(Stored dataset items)
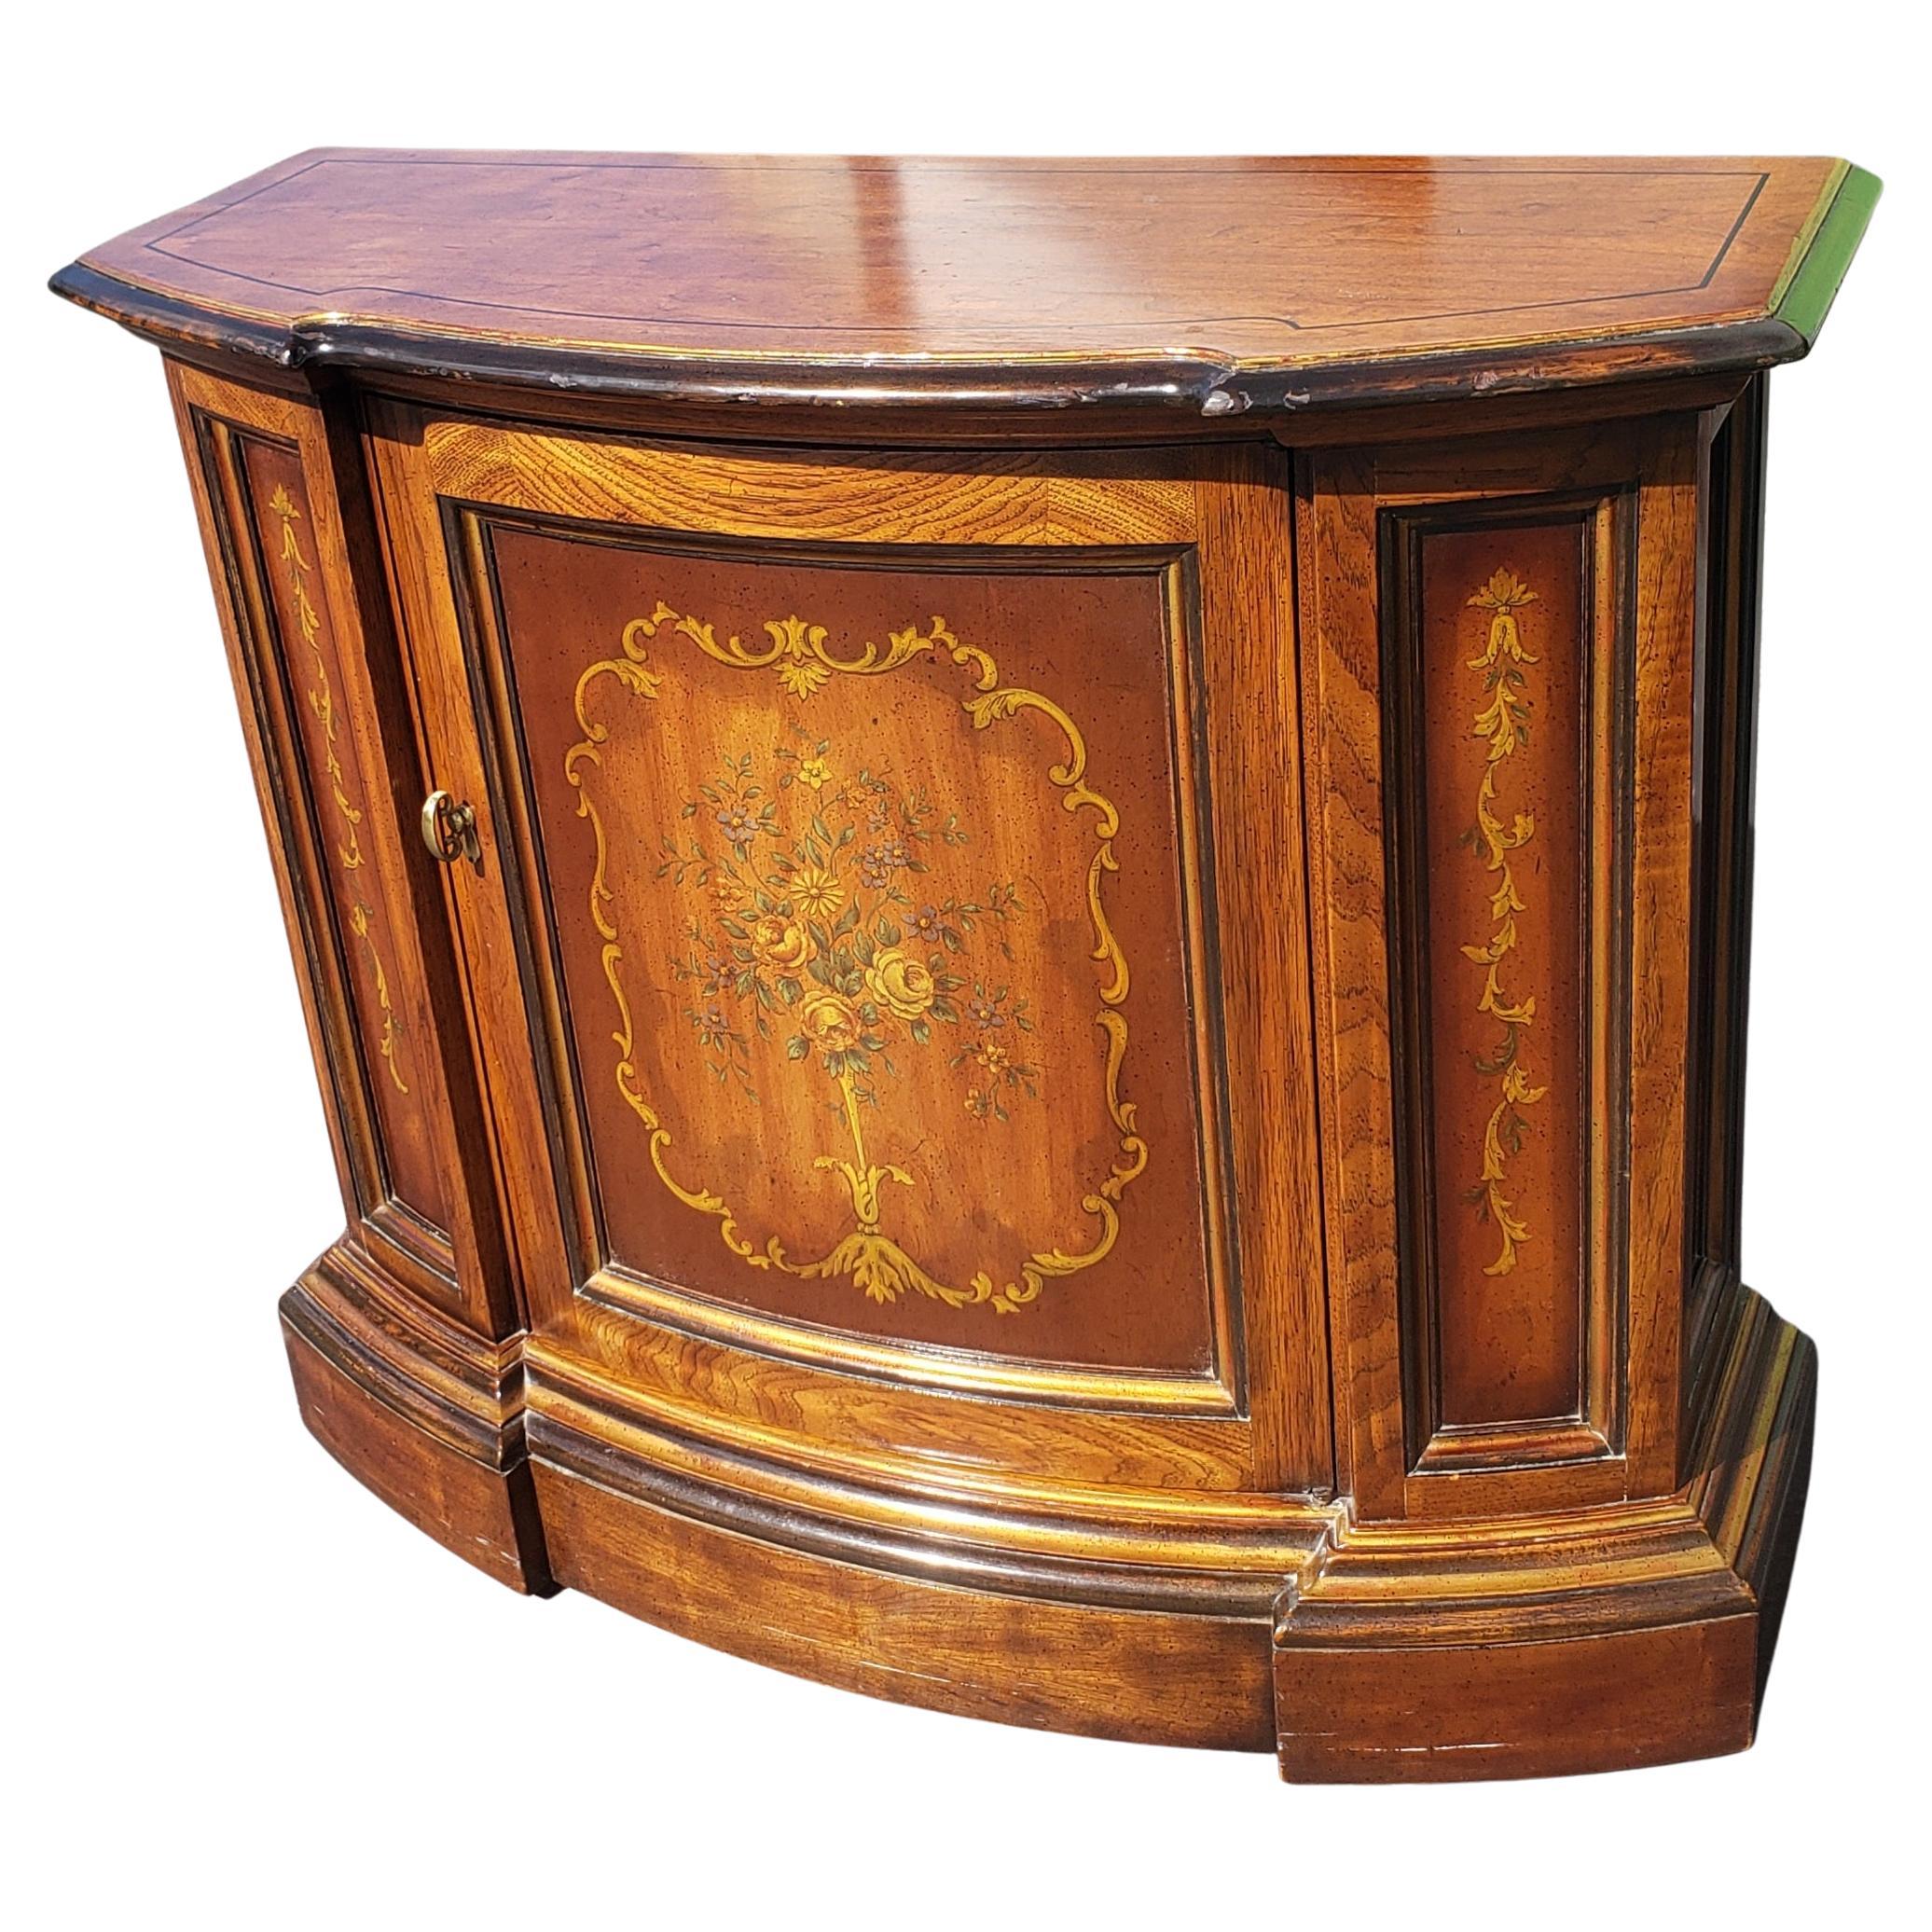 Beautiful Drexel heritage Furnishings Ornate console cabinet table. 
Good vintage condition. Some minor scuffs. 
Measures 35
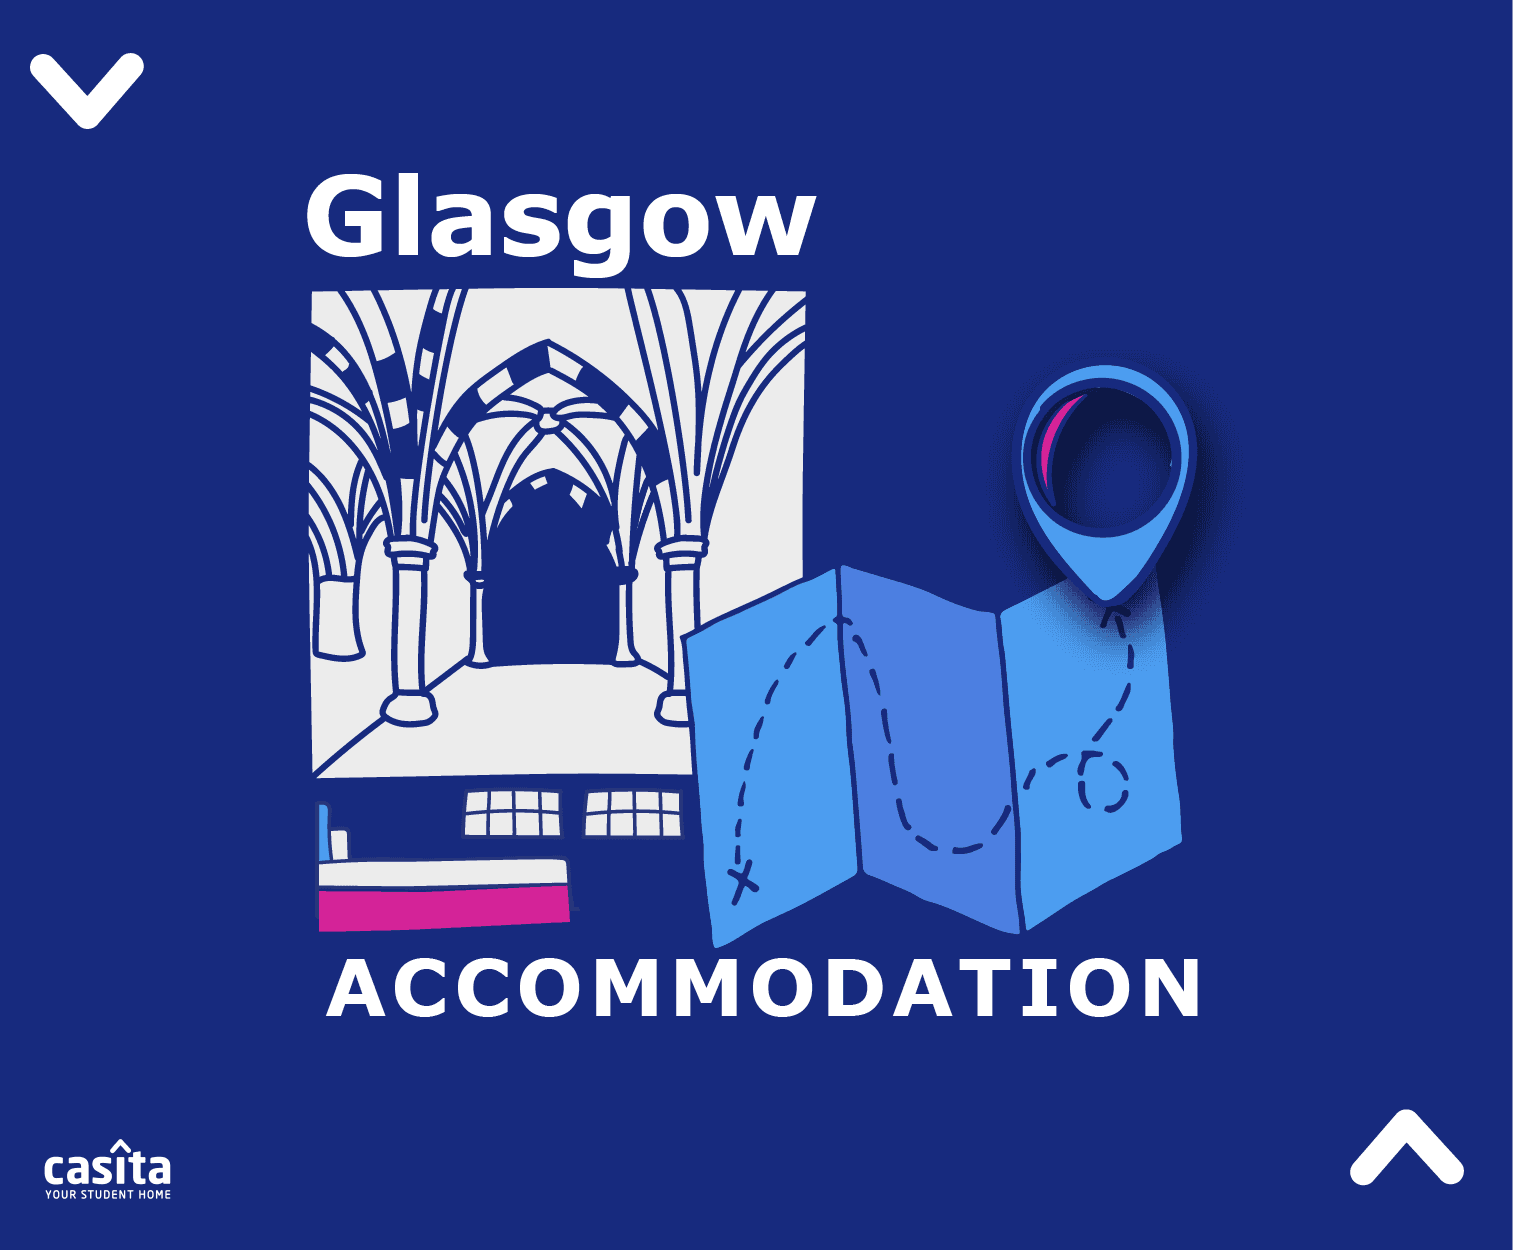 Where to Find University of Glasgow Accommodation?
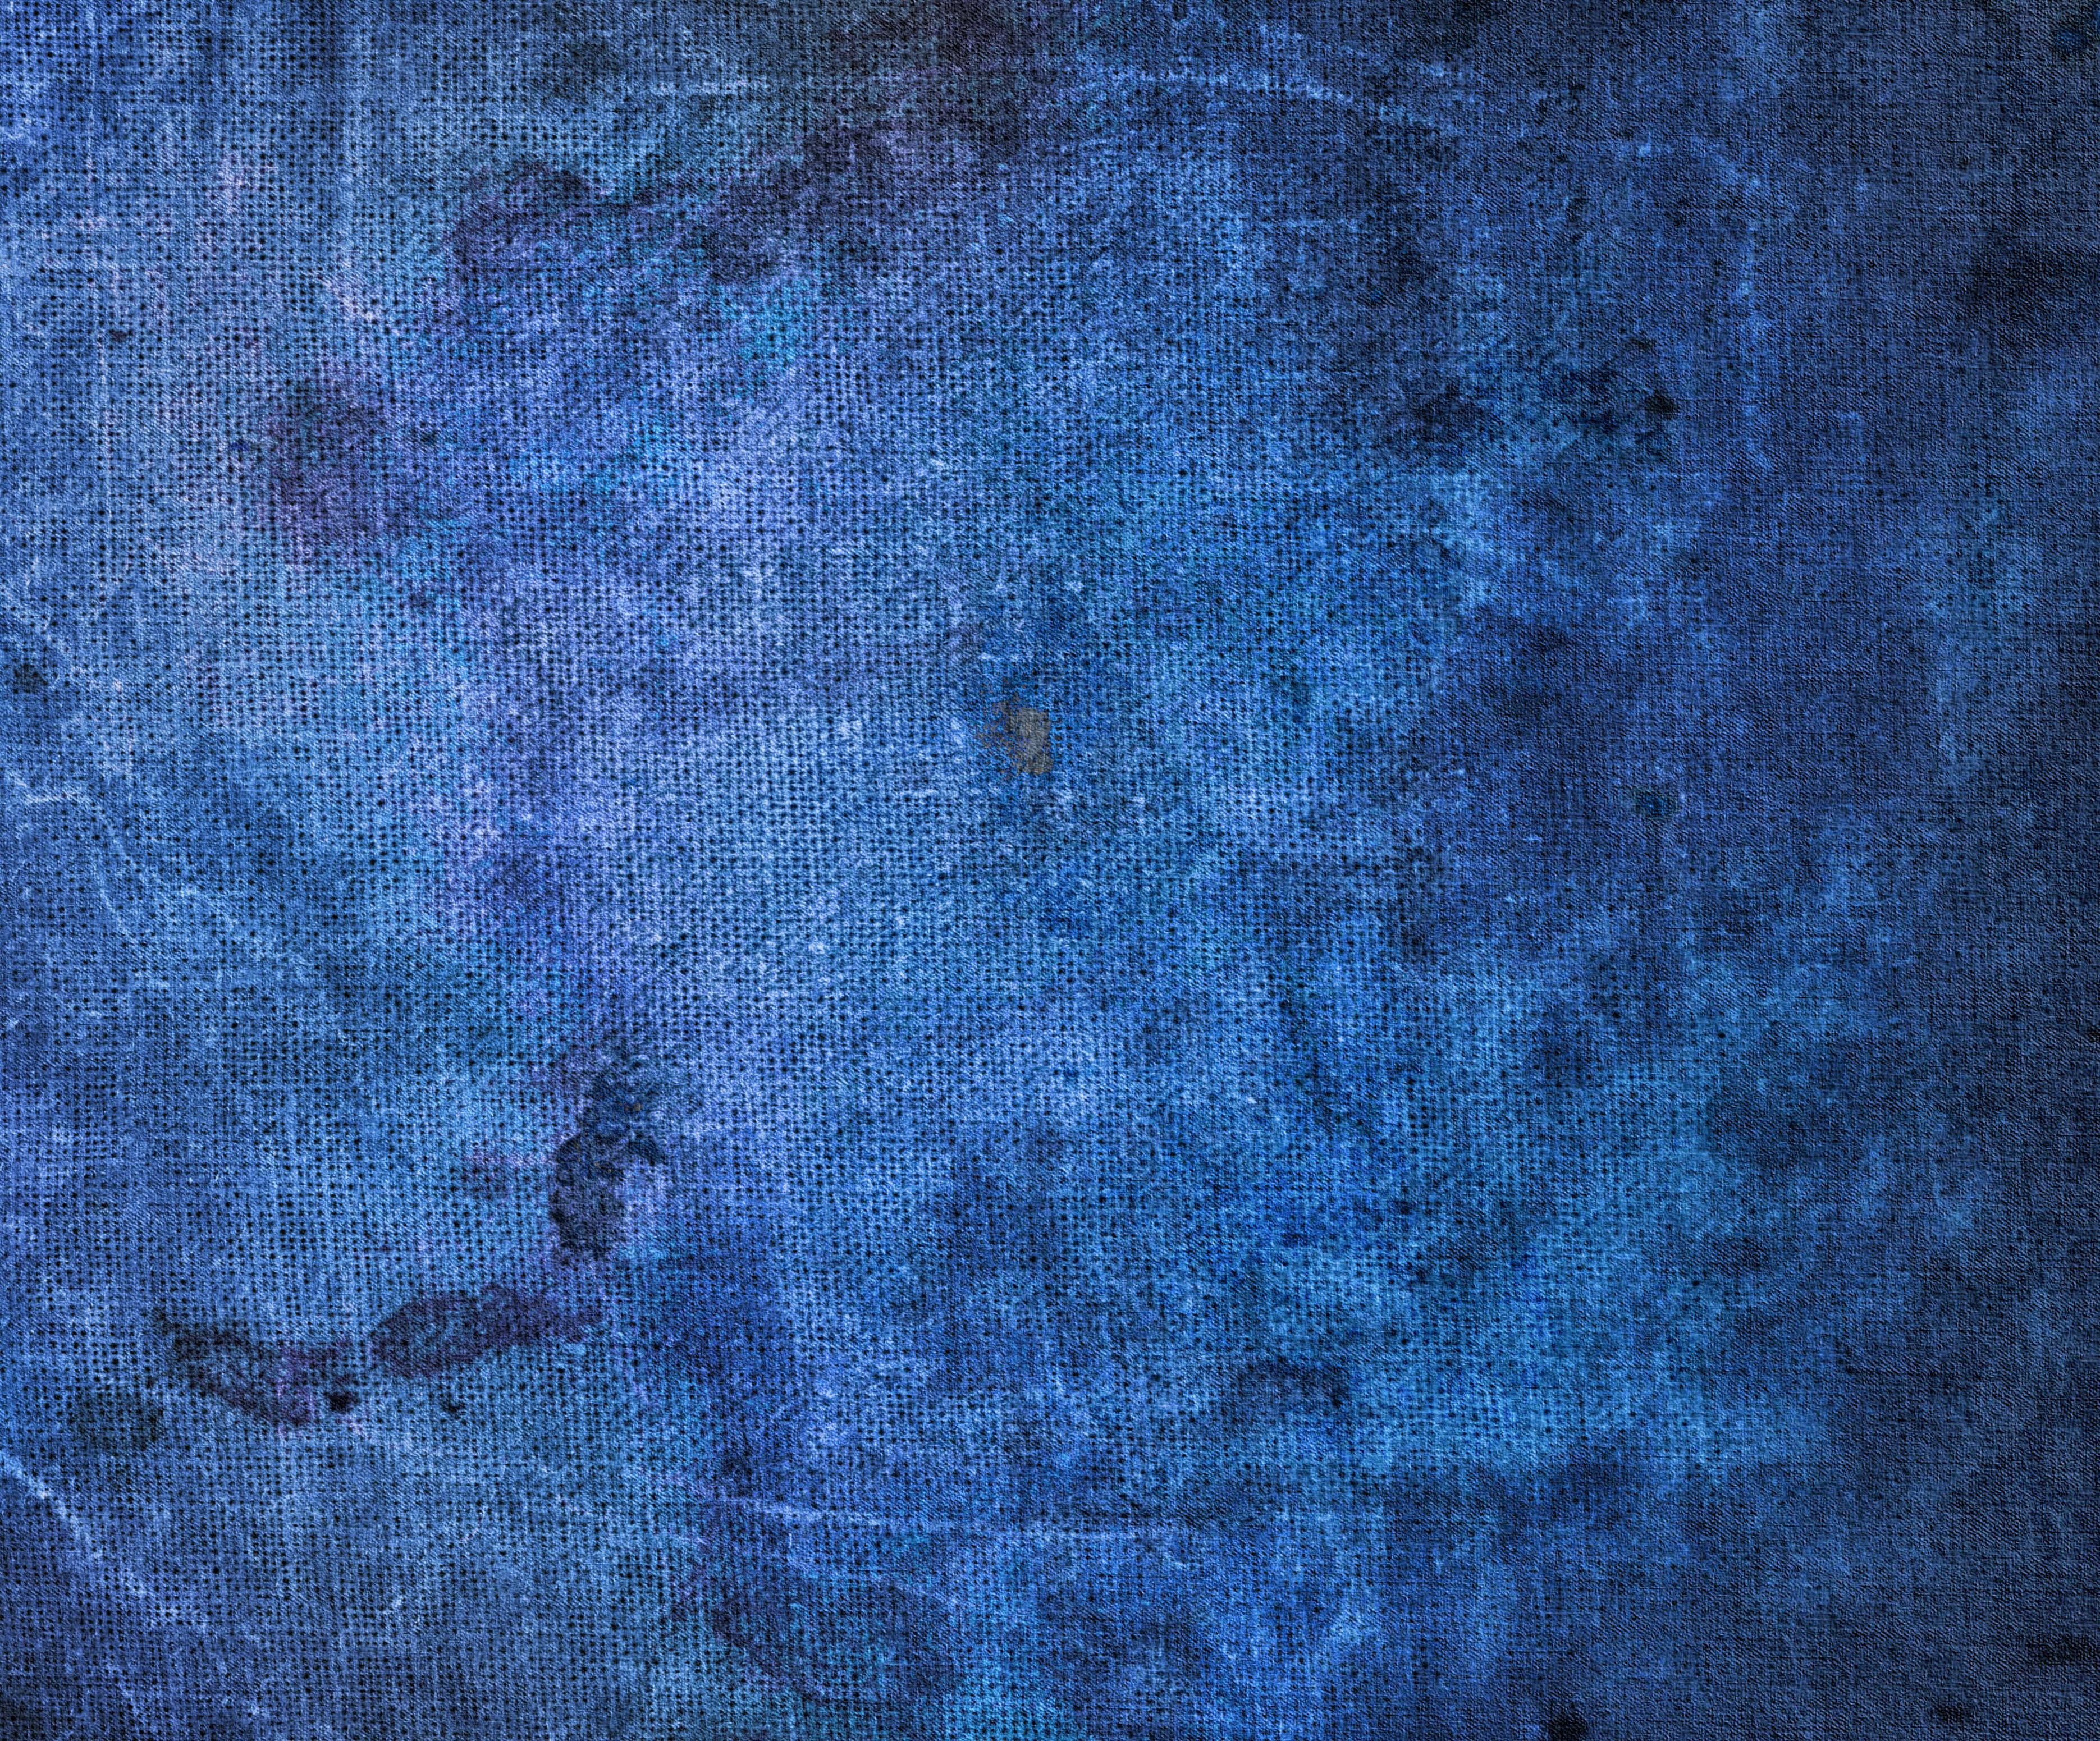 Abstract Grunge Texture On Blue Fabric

> _Prompt_
Output only these lines, word for word: the line containing "Measures 35" and every line after it through the last line of the data. Omit the pictures.

> _Written solution_
Measures 35
 Where to Find University of Glasgow Accommodation?
 Abstract Grunge Texture On Blue Fabric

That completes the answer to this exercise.